In my last post, I introduced the cf-autotick-bot, which tracks the version of packages on the conda-forge channel and automatically updates recipes with the most recent version of the source code. As I mentioned in my previous post, the bot achieves this by storing the conda-forge dependency graph along with metadata for each feedstock. With all of this information and the ability to PR to any feedstock, the bot has the potential for much more than just bumping the version.

The Migrator Class

Recently @CJ-Wright added the Migrator class to bot’s source code. Now, instead of explicity running the version bumping code on all feedstocks, the bot runs a set of Migrator instances on each feedstock. By putting the version bumping code in a subclass of Migrator, the bot can perform its original version bumping procedure, as well as migrations from any other inheritor of Migrator. This new paradigm allowed for the development of new functionality for the bot.

Conda-build 3 Compiler Syntax

Conda-build 3 defines a Jinja2 function to specify compiler packages. Recipes can include for example

requirements:
  build:
    - {{ compiler('c') }}

which means the package needs to be built with C compilers.

Anaconda 5.0 switched from OS-provided compiler tools to their own compilers. Conda-forge does not yet use these compilers, but the core development team would like to switch to them. To do this, all recipes must first be using the new compiler syntax. Since the bot tracks every feedstock and issues PRs, it is a good tool to move recipes to this new syntax.

To give the bot this functionality, I wrote a Migrator subclass to handle this. The migrator first checks if a recipe needs to move to the new syntax by checking if it uses old compilers (toolchain or gcc), and then runs a conda-smithy command that updates the recipe with the new syntax. This is then PRed to the feedstock for the recipe maintainers to review.

I also wrote a migrator which simply bumps the build number of all recipes. This is useful when the switch is made to the new compilers, since all packages with compilers as build requirements would need to be rebuilt. The bot also makes sure that packages are rebuilt in dependency order, that is packages are only rebuilt after all of its requirements are rebuilt.

This rebuild migrator is useful in other situations besides this compiler switch. Whenever a pinning in conda-forge’s global pinning file is changed, packages must be rebuilt to use the new pinning. This migrator allows the bot to trigger rebuilds in the correct order of the descendants of the package in the global pinning.

Noarch

Conda-forge allows pure-Python packages to be built noarch (no architecture), which mean the package only needs to built once (on CircleCI), making the build faster and freeing resources for other packages. A package can be built noarch simply by including noarch: python in the build section of the meta.yaml; however, there are many recipes on conda-forge which can be build with noarch, but do not include this in the build section.

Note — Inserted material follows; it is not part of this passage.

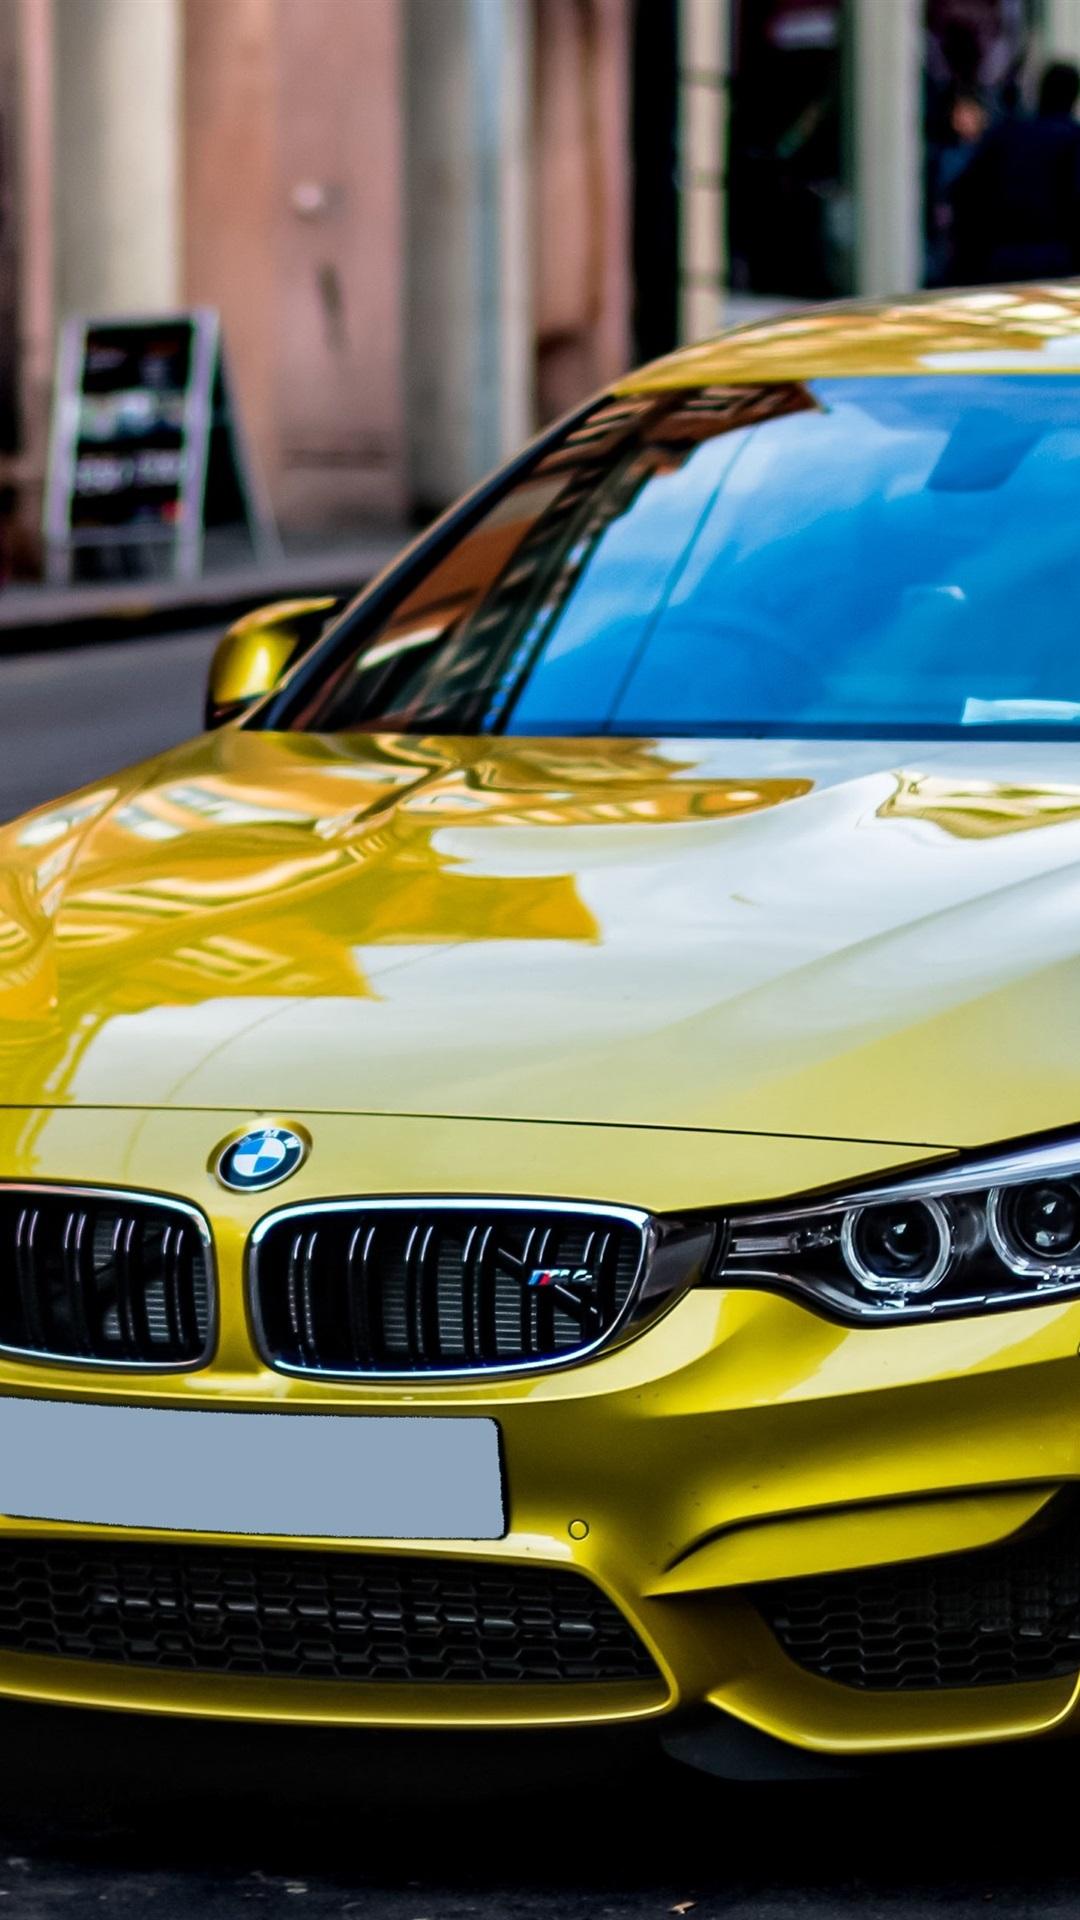 Iphone Wallpaper Yellow Bmw Car Stopped At Street Side Bmw M4 1080x1920 Download Hd Wallpaper Wallpapertip

It would be ideal if any package is build noarch if possible, to reduce CI usage, especially in the age of the bot, which issues PRs in bulk, possible consuming a lot of CI resources.

Using the Migrator class, the can easily issue PRs adding noarch: python to the build section, so I wrote a migrator to do this. There are many requirements for a package to be noarch, summarized in this list

  • No compiled extensions
  • No post-link or pre-link or pre-unlink scripts
  • No OS specific build scripts
  • No python version specific requirements
  • No skips except for python version. (If the recipe is py3 only, remove skip statement and add version constraint on python)
  • 2to3 is not used
  • Scripts argument in setup.py is not used
  • If entrypoints are in setup.py, they are listed in meta.yaml
  • No activate scripts
  • Not a dependency of conda

The bot checks some of this criteria and skips PRing to feedstocks it knows cannot be noarch, but some of these requirements the bot cannot check with the metadata it currently collects. Therefore, the noarch PR is just a suggestion, and the PR message displays a checklist with the items above and asks the recipe maintainers to only merge if all items are satisfied. Otherwise, the recipe maintainers can close the PR and the bot will not issue another PR suggesting noarch.